我想为每个人添加一个新的时间点,所有变量均带有NA。
data_long <- data.frame(id = factor(rep(1:3,each=4)), DV1 = c(1, 2, NA, 2), DV2 = c(2, 1, 2, 1), time = c(1989, 1995, 2003, 2010))
data_long$DV1 <- c(rnorm(12,0,1))
data_long$DV2 <- c(rnorm(12,0,1))
data_long$DV1[4] <- NA
data_long$DV2[8] <- NA
data_long[5,2:3] <- NA
data_long[12,2:3] <- NA
data_long <- data_long[-9,]
T0 <- 1980 # new time point
for (i in min(as.numeric(data_long$id)):max(as.numeric(data_long$id))){temp <- rbind(c(data_long[data_long$id == i,]$id[1], rep(NA,ncol(data_long[data_long$id == i,])-2), T0), data_long[data_long$id == i,])

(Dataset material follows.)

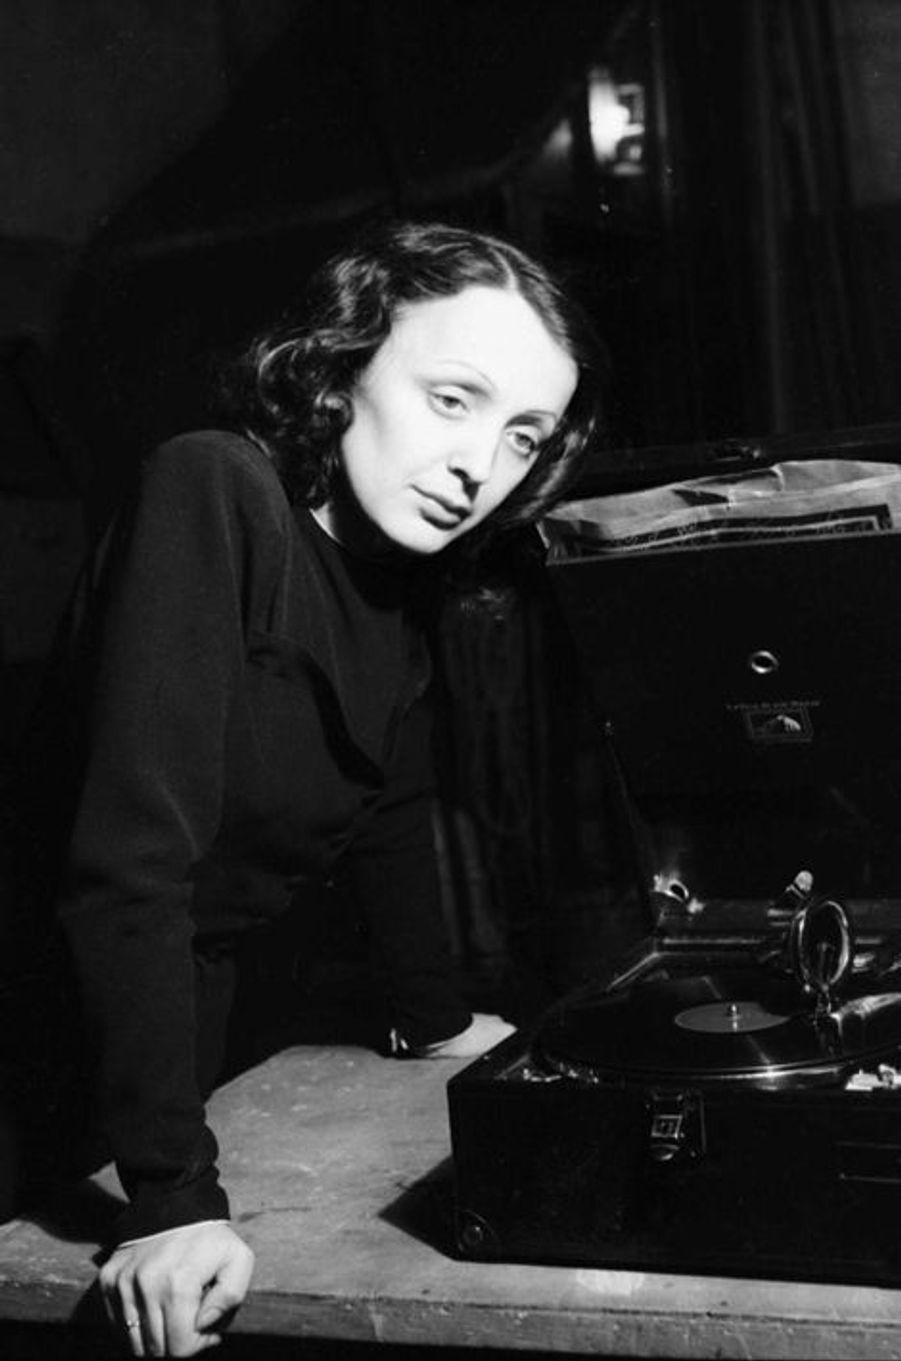 1940 : Edith Piaf joue dans la pièce «Le Bel Indifferent» aux Bouffes Parisiennes, au côté de Jean Cocteau

write.table(temp, "test.dat", sep="\t", append=T, row.names=F, col.names=FALSE)}
data_long2 <- read.table("test.dat")
However, there must be a simpler way without actually saving the data in order to append differing numbers of rows. 但是,必须有一种更简单的方法而不实际保存数据以追加不同数量的行。 I apologize for this simple question and would be happy to be enlightened.
对于这个简单的问题,我深表歉意,很高兴得到启发。
This doesn't exactly match what you share as your desired output, but it does seem to better match what you describe: 这与您共享的期望输出不完全匹配,但似乎确实与您描述的内容更匹配:
Use expand.grid
to create a data.frame
to merge
with your original data.frame
. 使用
expand.grid
创建一个data.frame
以与原始data.frame
merge
。 The "id" will be just the existing unique "id" values in your source data.frame
, and the "time" value will have the new value appended to it. “ id”将只是源
data.frame
现有的唯一“ id”值,“ time”值将附加新值。
## set.seed(1) was used for this
X <- expand.grid(id = unique(data_long$id),
time = c(1980, unique(data_long$time)))
merge(data_long, X, all.y = TRUE)
# id time DV1 DV2
# 1 1 1980 NA NA
# 2 1 1989 -0.6264538 -0.62124058
# 3 1 1995 0.1836433 -2.21469989
# 4 1 2003 -0.8356286 1.12493092
# 5 1 2010 NA -0.04493361
# 6 2 1980 NA NA
# 7 2 1989 NA NA
# 8 2 1995 -0.8204684 0.94383621
# 9 2 2003 0.4874291 0.82122120
# 10 2 2010 0.7383247 NA
# 11 3 1980 NA NA
# 12 3 1989 NA NA <---- This row is not there in your approach
# 13 3 1995 -0.3053884 0.78213630
# 14 3 2003 1.5117812 0.07456498
# 15 3 2010 NA NA
One more approach 另一种方法
newrows <- data.frame(id=unique(data_long$id), DV1=NA, DV2=NA, time=T0)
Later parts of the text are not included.